Exactly as written, retype the listing below, omitting the pictures.

Supplied data Block Start

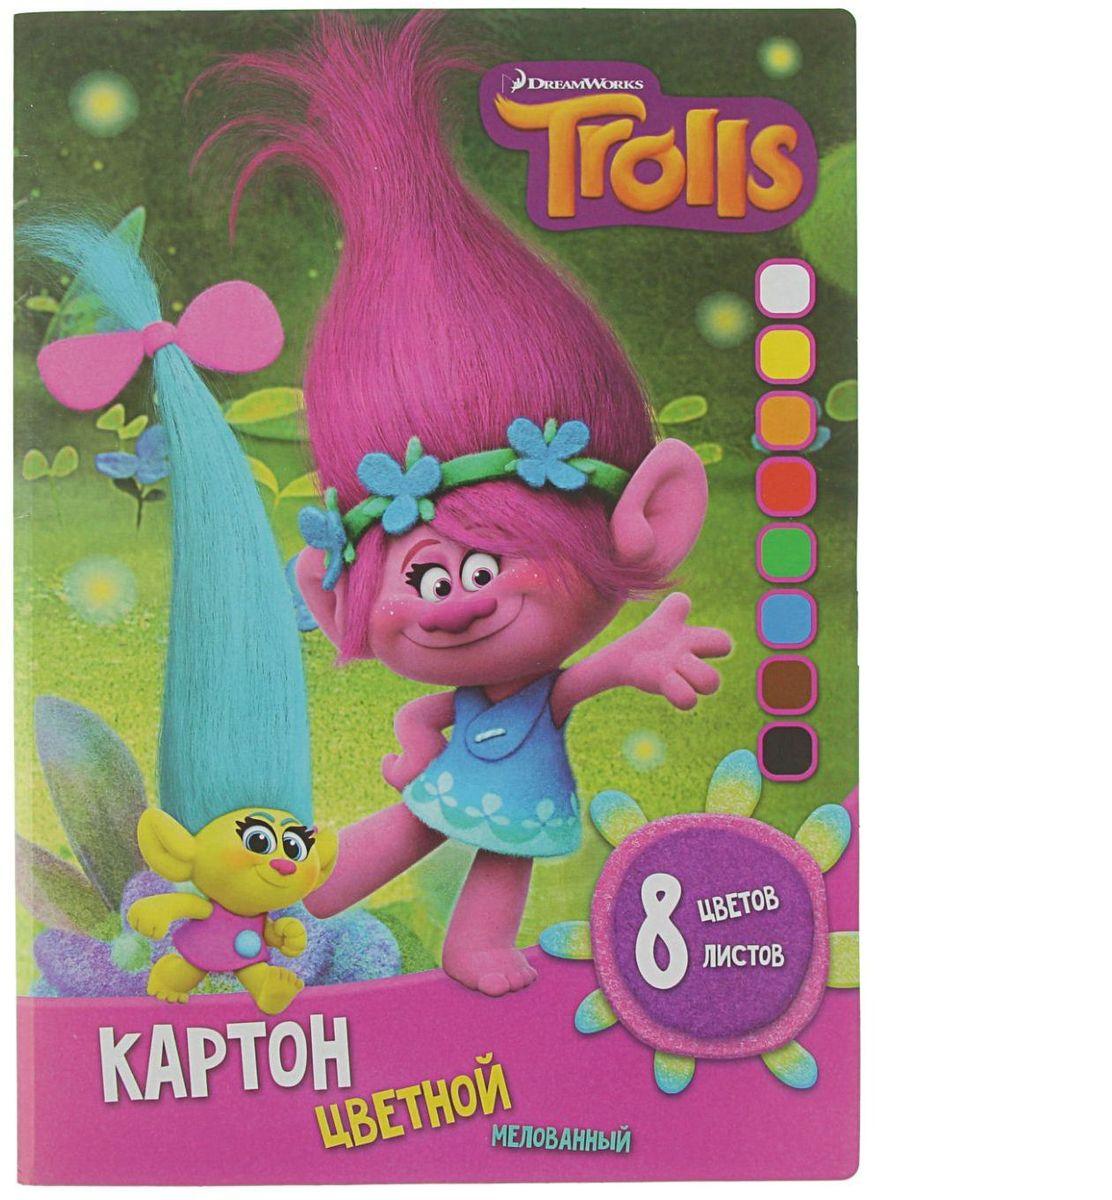 Trolls Картон цветной мелованный 8 листов 8 цветов72523WDИзделия данной категории необходимы любому человеку независимо от рода его деятельности. У нас представлен широкий ассортимент товаров для учеников, студентов, офисных сотрудников и руководителей, а также товары для творчества.
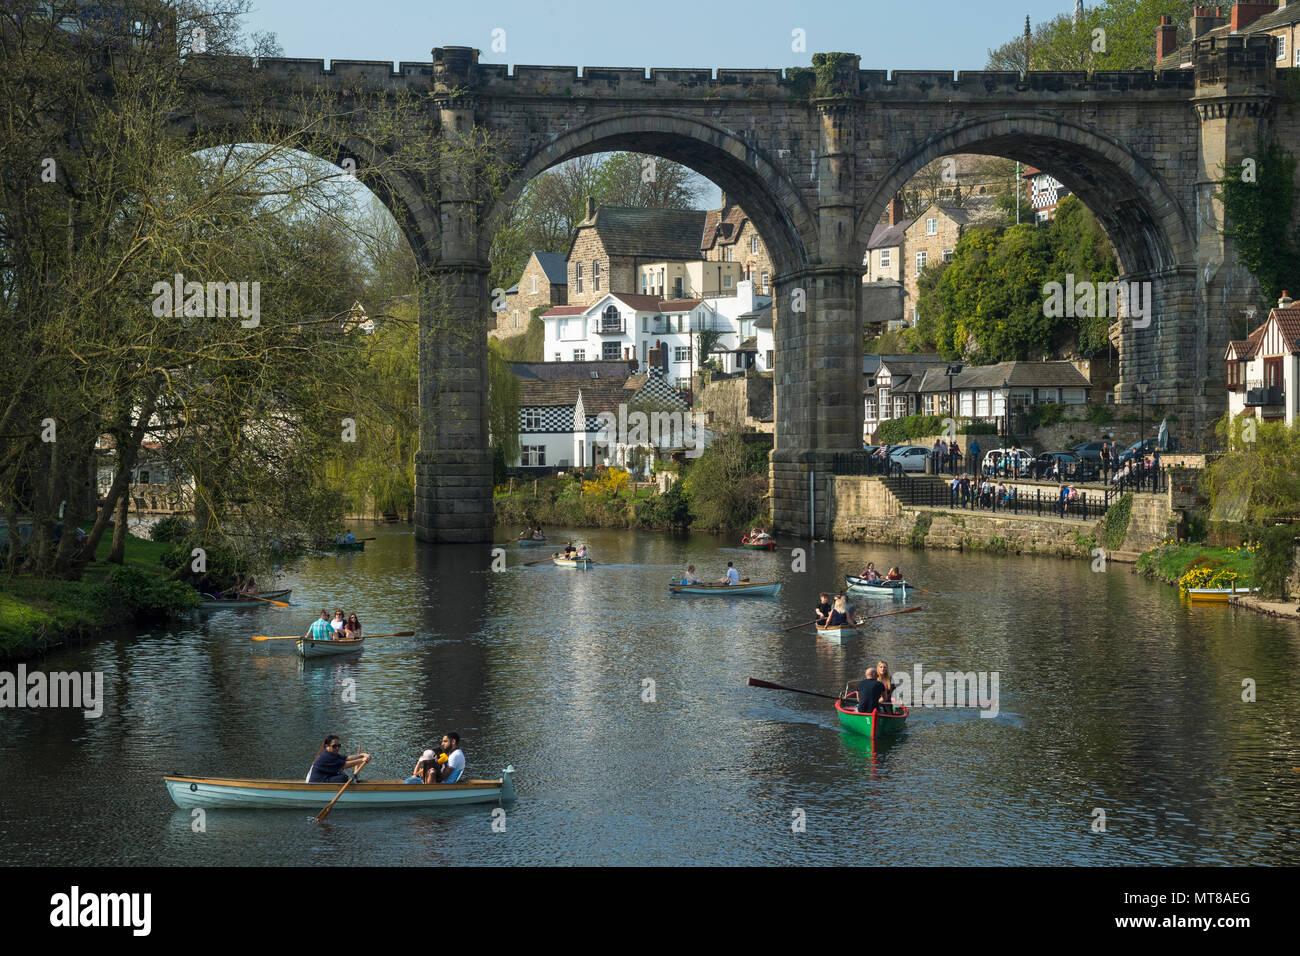 Persone rilassante da riverside & barca a remi sul fiume Nidd sotto il cielo blu - scenic estiva soleggiata vista dal ponte, Knaresborough, Inghilterra, Regno Unito. Immagini Stock
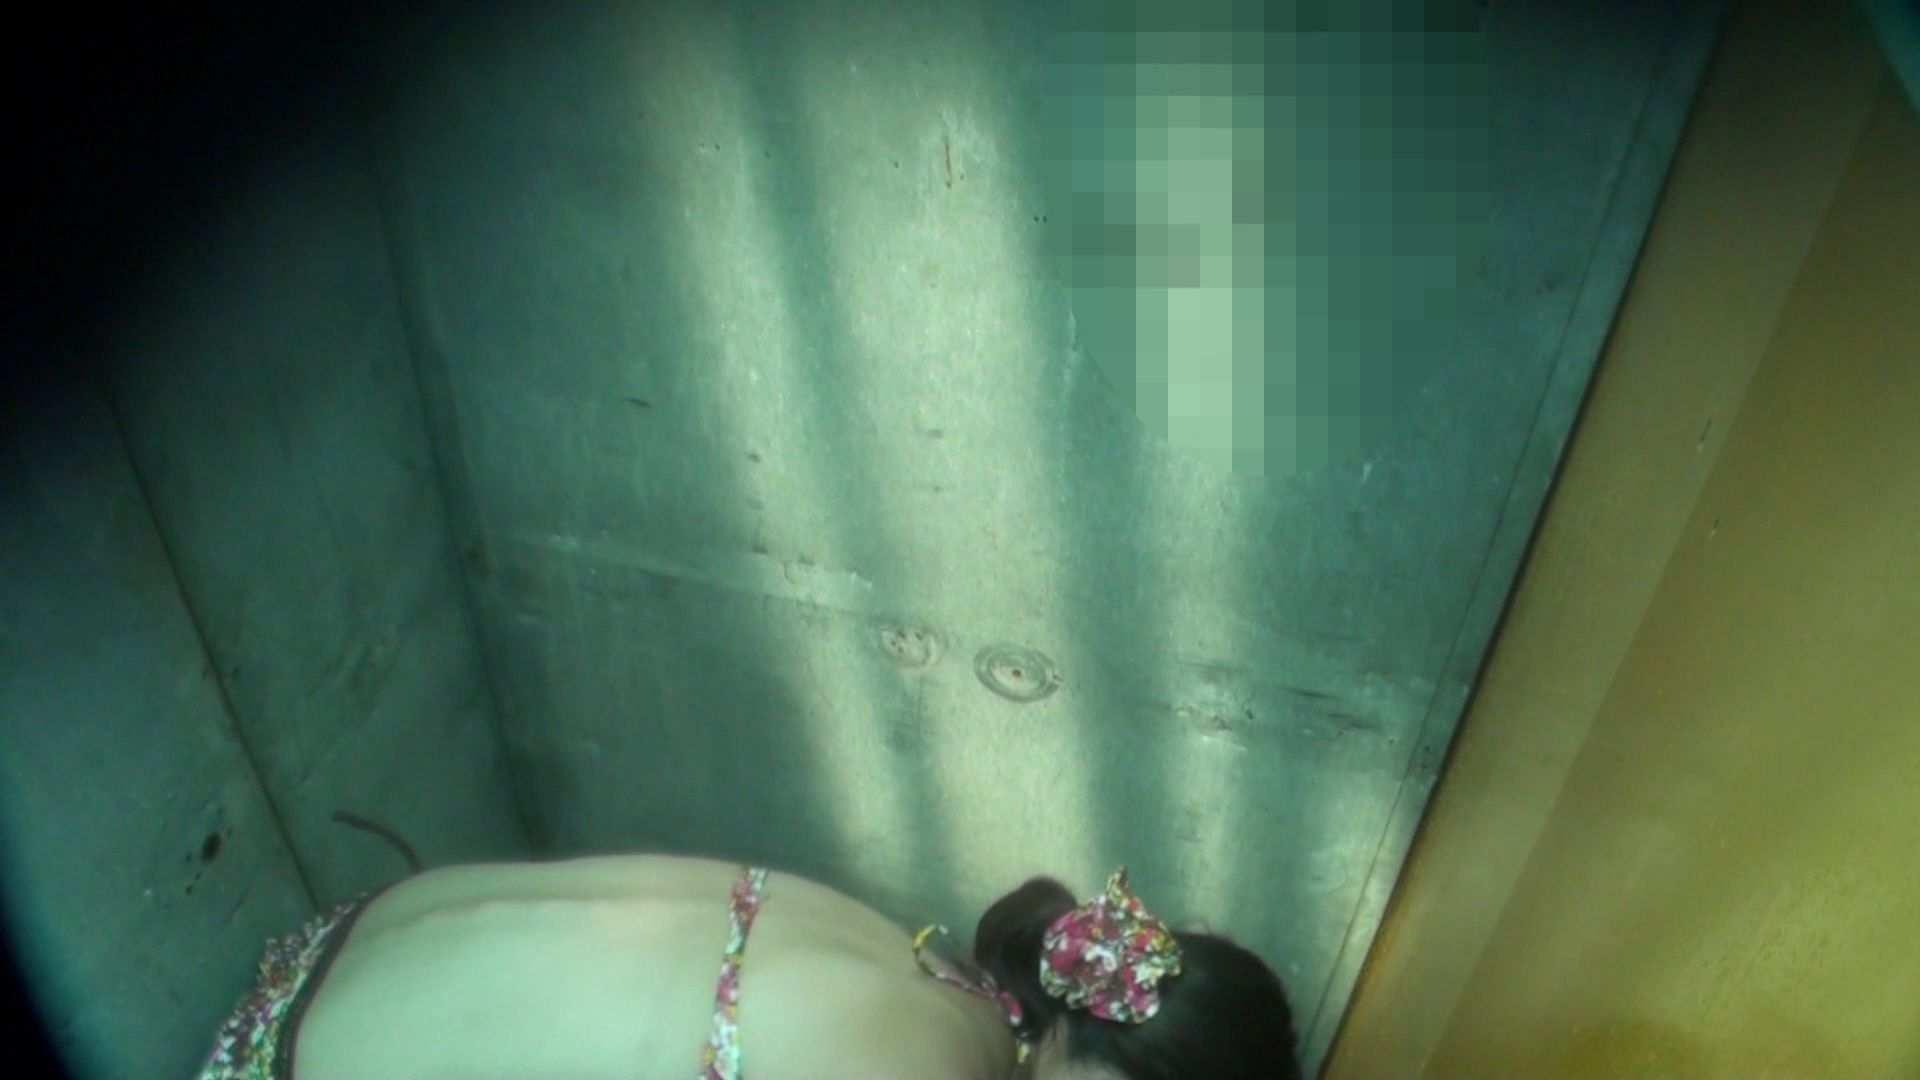 シャワールームは超!!危険な香りVol.16 意外に乳首は年増のそれ 高画質 のぞき濡れ場動画紹介 61pic 7

Supplied data Block End

> **Answer below**
 Trolls Картон цветной мелованный 8 листов 8 цветов72523WDИзделия данной категории необходимы любому человеку независимо от рода его деятельности. У нас представлен широкий ассортимент товаров для учеников, студентов, офисных сотрудников и руководителей, а также товары для творчества.
 Persone rilassante da riverside & barca a remi sul fiume Nidd sotto il cielo blu - scenic estiva soleggiata vista dal ponte, Knaresborough, Inghilterra, Regno Unito. Immagini Stock
 シャワールームは超!!危険な香りVol.16 意外に乳首は年増のそれ 高画質 のぞき濡れ場動画紹介 61pic 7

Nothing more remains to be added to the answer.